Autophagy-associated long non-coding RNA (lncRNA) may also be potential prognostic indicators in UM (Table 2). lncRNA are RNAs of 200 nucleotides or longer that do not encode protein and that were previously considered to be transcriptional noise [97]. However, lncRNA may be important in cellular development, including epigenetics, chromatin remodelling and genetic imprinting [98,99]. Dysregulation of lncRNA is associated with tumorigenesis [100,101,102]. Multiple lncRNA are linked to epigenetic and genomic modifications, and are both tumour suppressors and oncogenes [103]. Detailed analyses, such as that performed by Li et al., have demonstrated that induction of the lncRNA ZNNT1 by rapamycin upregulated ATG12 expression in UM cells and inhibited tumorigenesis by activating autophagic cell death [104]. Specific lncRNA might be developed as biomarkers and treatment targets of UM [105,106]. Another novel discovery of LnRNA is LINC01278. This gene is closely related to autophagic genes in UM and acts as a double-edged sword where it can promote tumour metastasis. On the other hand, LINC01278 inhibited the progression cancer progression through MiRNA activation. Liu et al. discovered the inhibitory effects of LINC01278 on UM. resulting data proposed LINC01278 to have inhibitory effects on UM where overexpression caused a decrease in proliferation, migration, and invasion levels of UM cell line OCM-1 and MUM-2B. This was carried out through activating the autophagic pathway with P62 up regulation and decreasing LC3 II/LC3 ratio along with mTOR signalling pathway. This finding was also translated onto xenograft mouse models where upregulation of LINC01278 reduced the volume and weight of tumour compared to control. With these as the basis, more research into the insight of the function and use of LnRNA is encouraged to uncover potential diagnostics and treatment options for UM [107].

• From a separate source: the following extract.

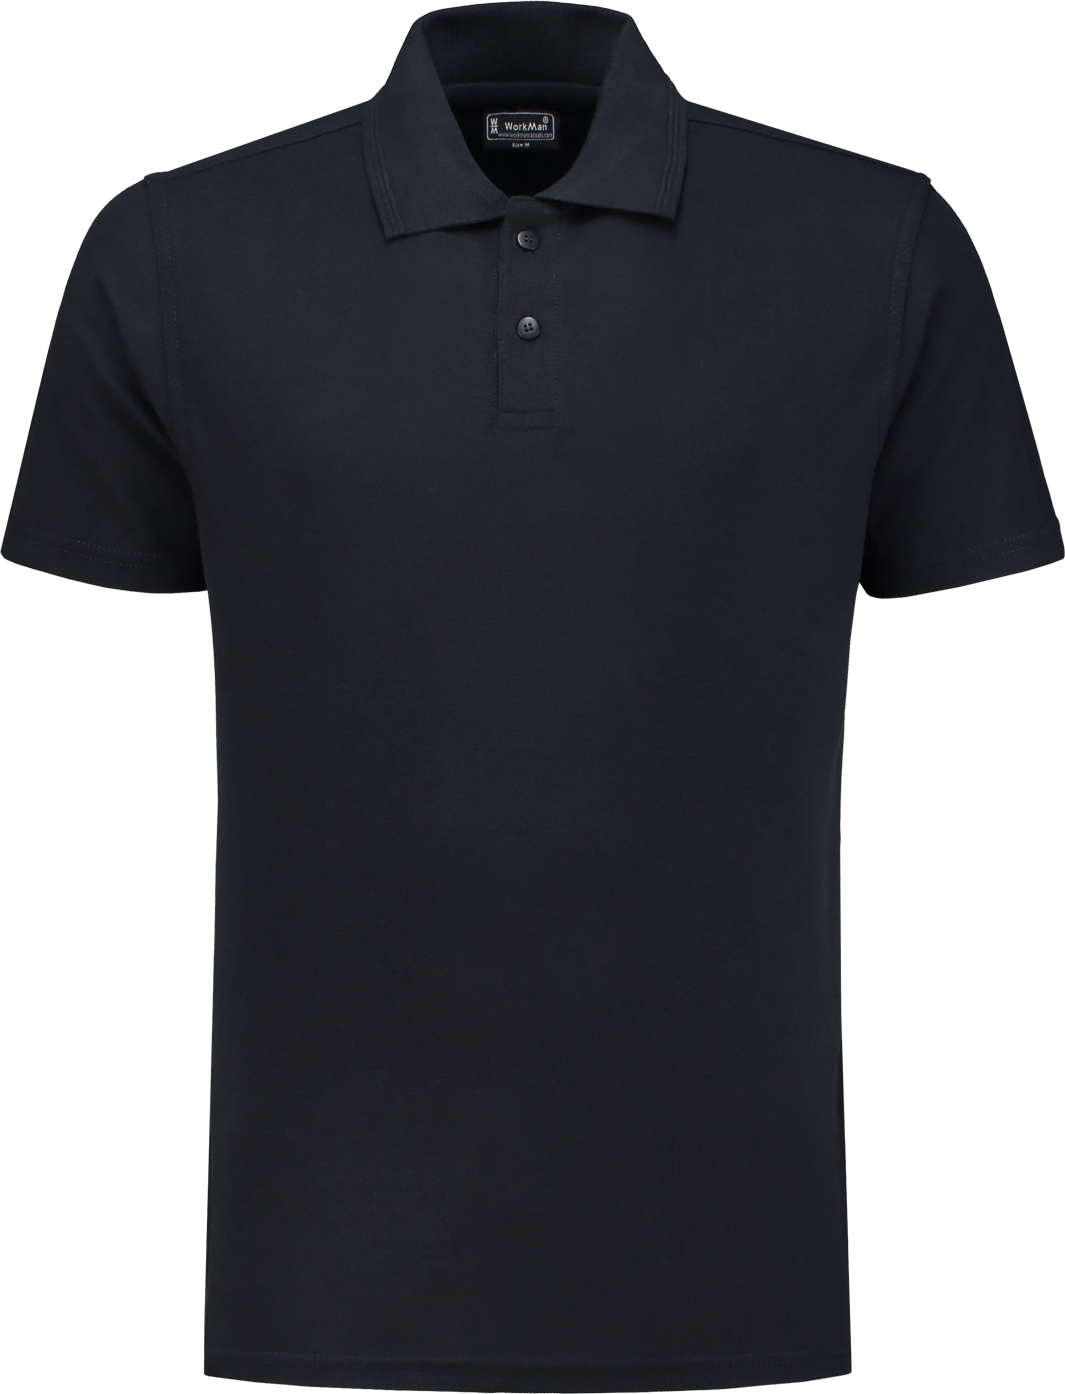 10.6.8102.09 8102 Poloshirt Outfitters Navy 7XL

As with the lncRNA, micro-RNA (miRNA) may be potential UM biomarkers and anti-cancer drug targets (Table 2). miRNAs are single non-coding strands of 21–23 nucleotides that modulate gene expression by regulating mRNA decay or translation inhibition/activation [108]. An individual miRNA can target multiple genes—a property that may be advantageous in the development of new anti-cancer therapies [109]. Targeting miRNA has been evaluated in gastric cancer, hepatocellular carcinoma, lung cancer, and oesophageal cancer [110,111,112,113]. Multiple miRNAs appear to be dysregulated in UM [114,115,116]. Certain miRNAs are potential prognostic markers for UM and clustering tumours according to miRNA expression appears to correlate with metastatic risk [117,118]. Wu et al. found using cell and mouse models that overexpression of miRNA miR-608 down-regulated the tumour promoting gene HOXC4, that was attenuated by overexpression of metastasis-associated lung adenocarcinoma transcript 1 (MALAT1), which is implicated in cancer as a pivotal regulator of pro-tumorigenic signalling [119]. Knockdown of HOXC4 suppressed UM cell migration, proliferation, invasion, and cell cycle progression (81). Targeting MALAT1 may be a viable approach in the development of new UM treatments. MALAT1 was upregulated in UM tissues and its knockdown has been found to suppress UM cell proliferation, colony information, invasion, and migration [120].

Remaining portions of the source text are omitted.